Similar episodes have affected Nike, Primark, and Coca-Cola, among others. Lower international labor standards are hurting not just workers, but also companies’ bottom lines. Businesses that support room for civil society to raise issues of gross labor exploitation are pursuing an enlightened form of self-interest.

Environmental protection and sustainability

The increasing strain on the world’s resources is making it more difficult for companies to access raw materials and creating an unpredictable business environment. In addition to fundamental problems like pollution and ecological destruction, the fluctuating temperatures, rainfall patterns, and sea levels associated with long-term climate change can make multiyear planning for resource extraction and manufacturing all but impossible, affecting everything from forest products to hydroelectric power.

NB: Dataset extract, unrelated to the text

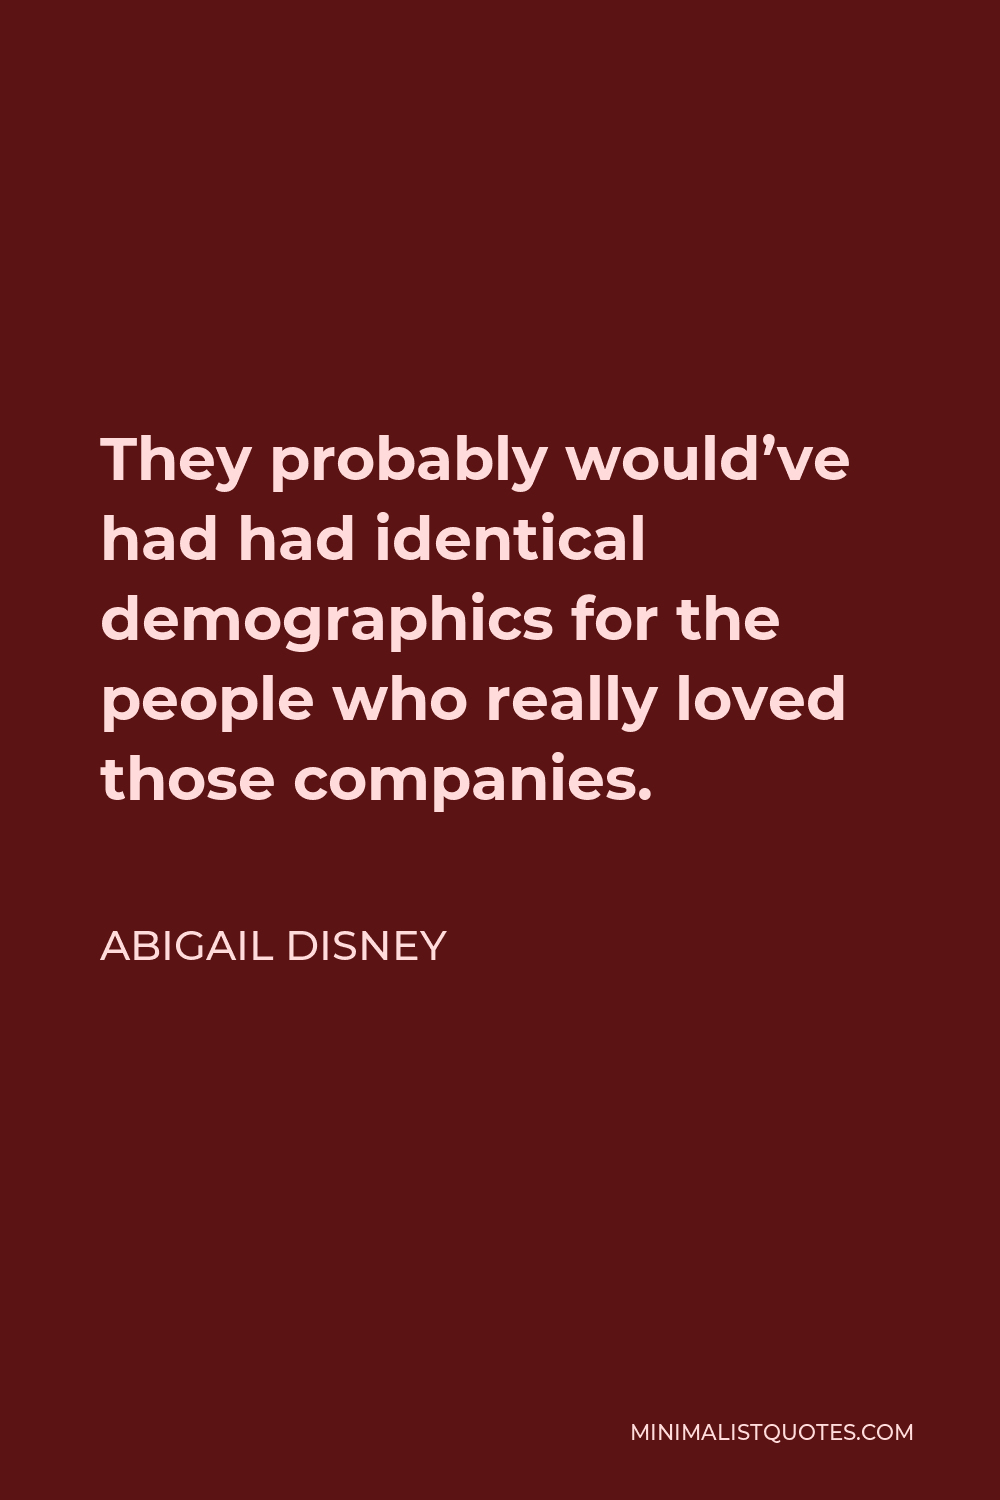 Abigail Disney Quote - They probably would’ve had had identical demographics for the people who really loved those companies.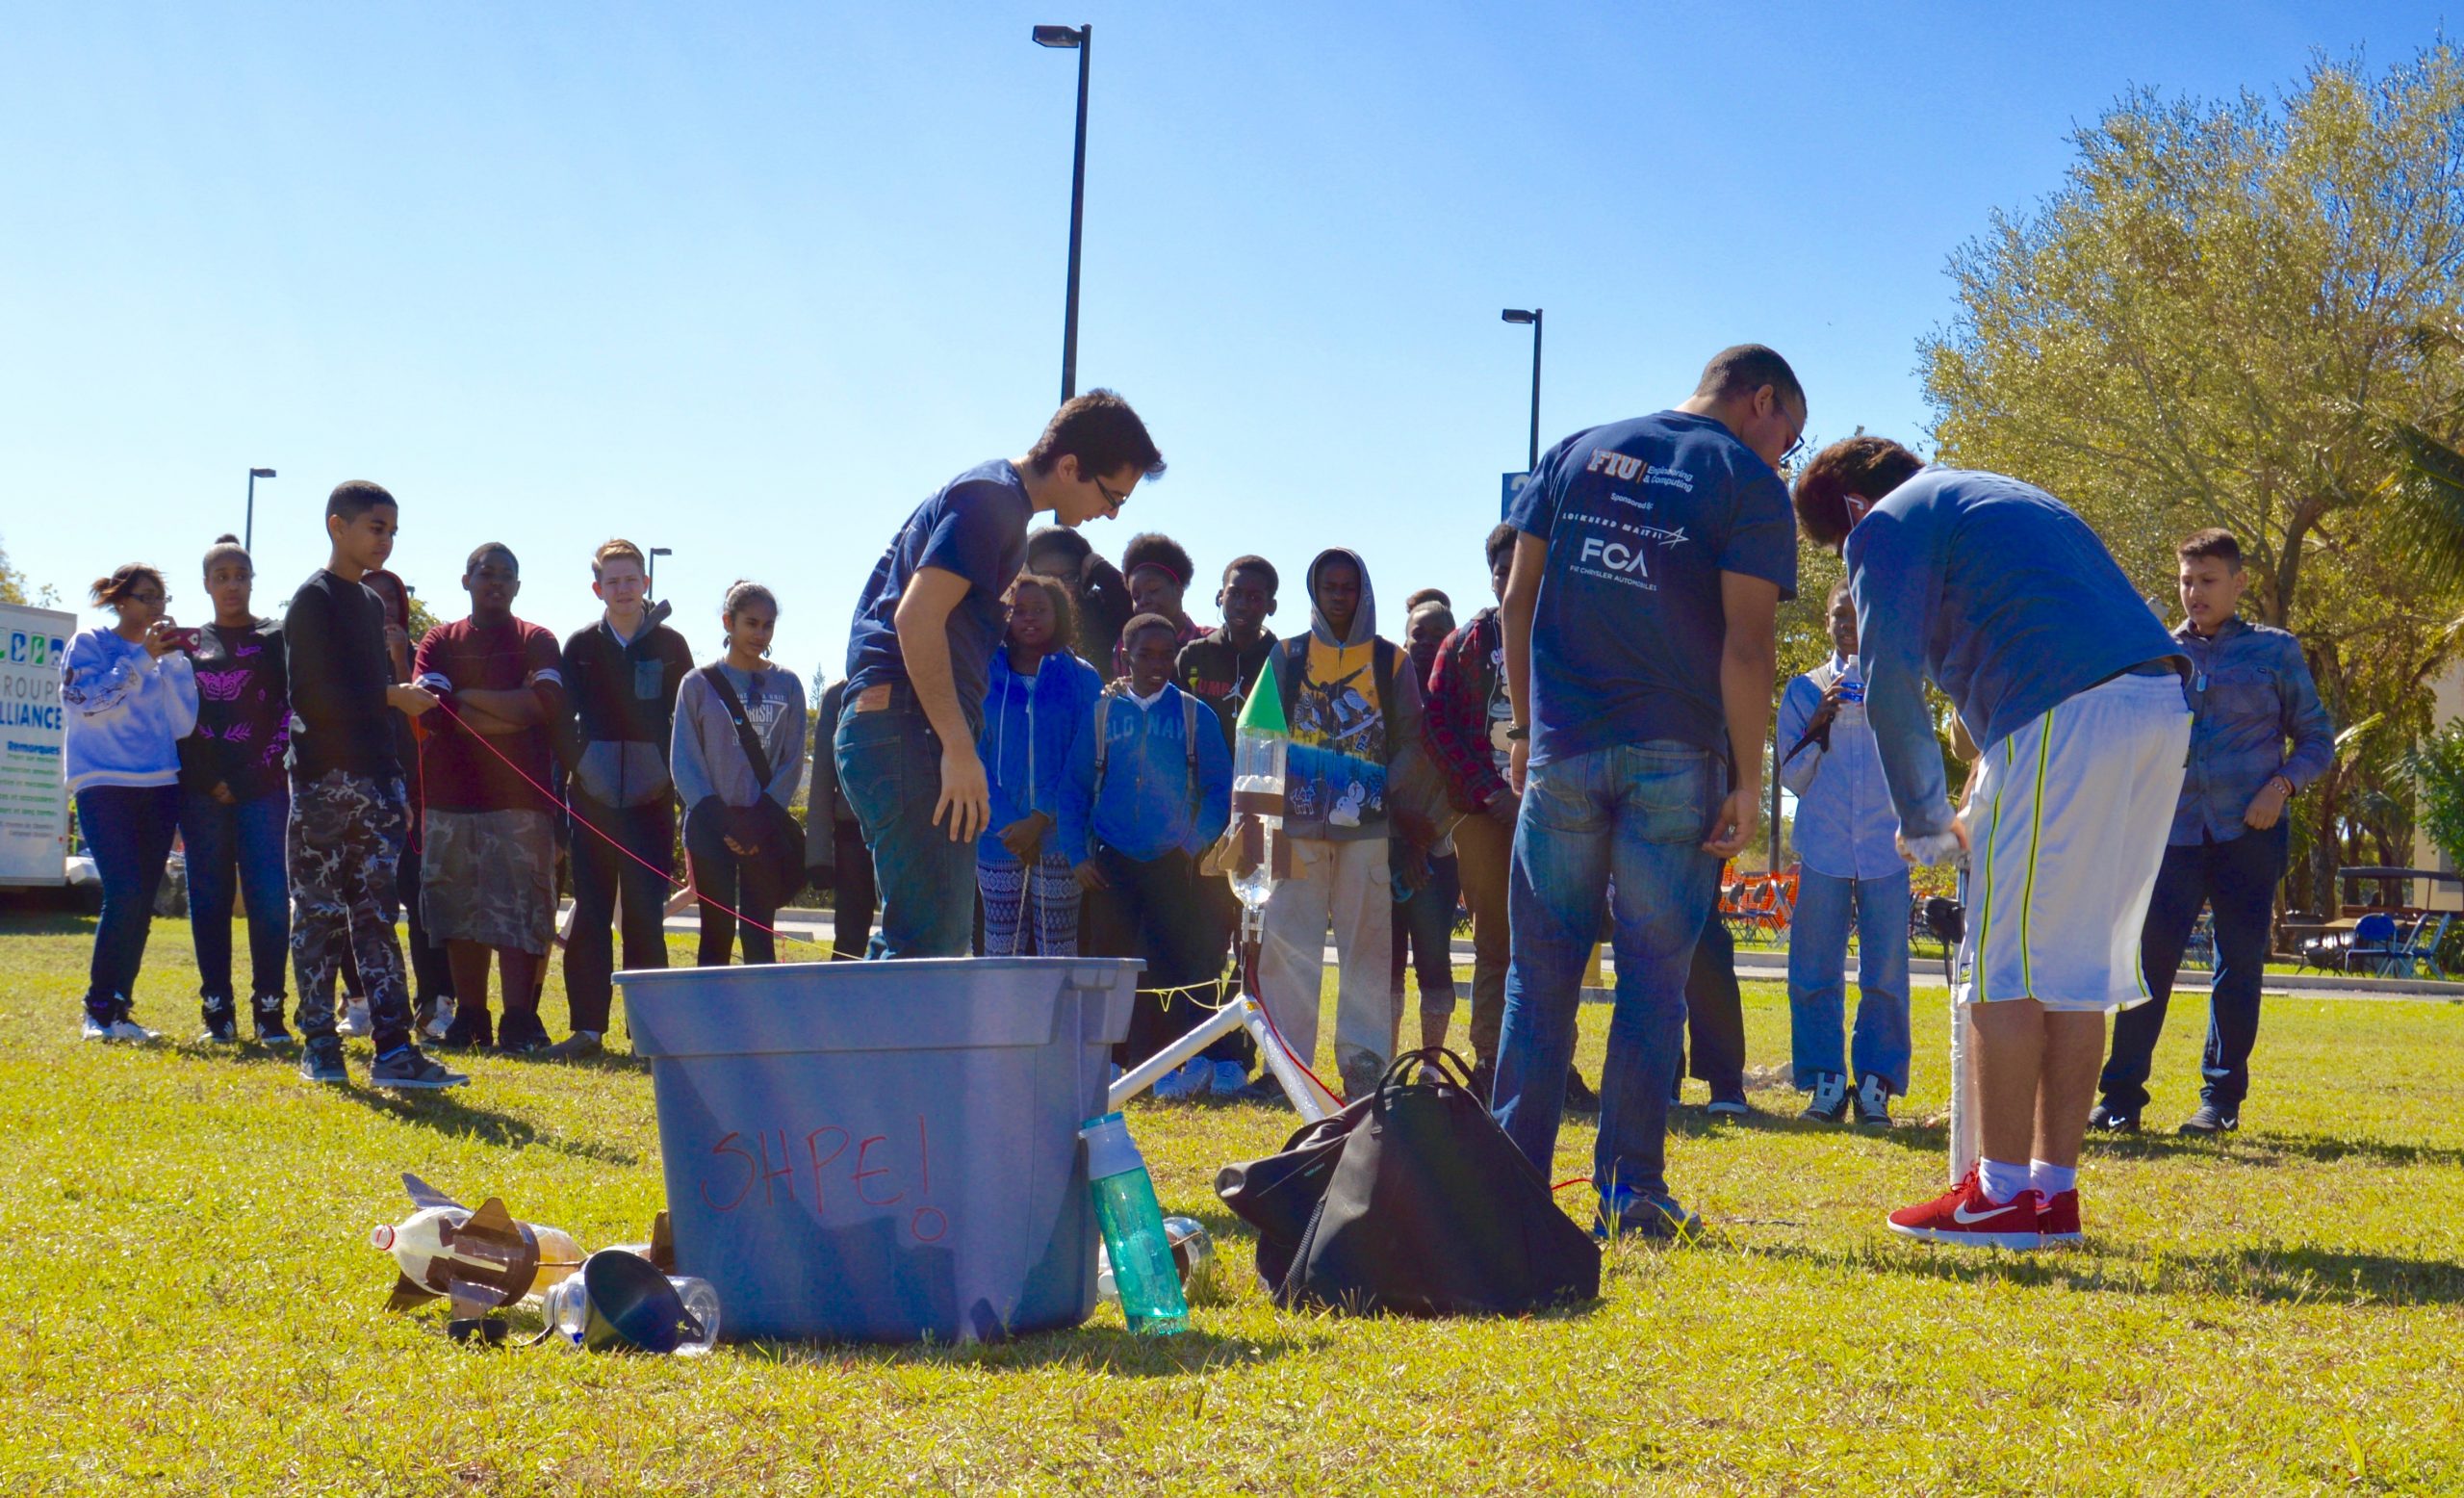 Educational fun takes center stage at 2016 Engineering Expo

Environmental groups, when not restricted by their governments or nonstate actors, shine an important spotlight on regimes that refuse to maintain basic environmental standards. NGOs and prize-winning independent media have, for instance, uncovered overfishing and poaching as well as human trafficking in Southeast Asia’s fishing industry. Multinational corporations should openly encourage these efforts to expose violations. While the resulting controversy can create short-term volatility for some businesses, it also helps to improve enforcement and benefits the companies that maintain high standards. Any association with the promotion of sustainable practices can enhance a corporation’s reputation, making environmental advocates an important partner for multinationals. 

Partnering with civil society around the world can clearly be a boon to corporations headquartered in the United States and other leading democracies. Conversely, allowing civic groups to be stifled does significant harm. Given the global trend of increasing pressure on NGOs by autocratic regimes and illiberal democracies over the past decade, the multinational business sector should waste no time in coming to civil society’s defense.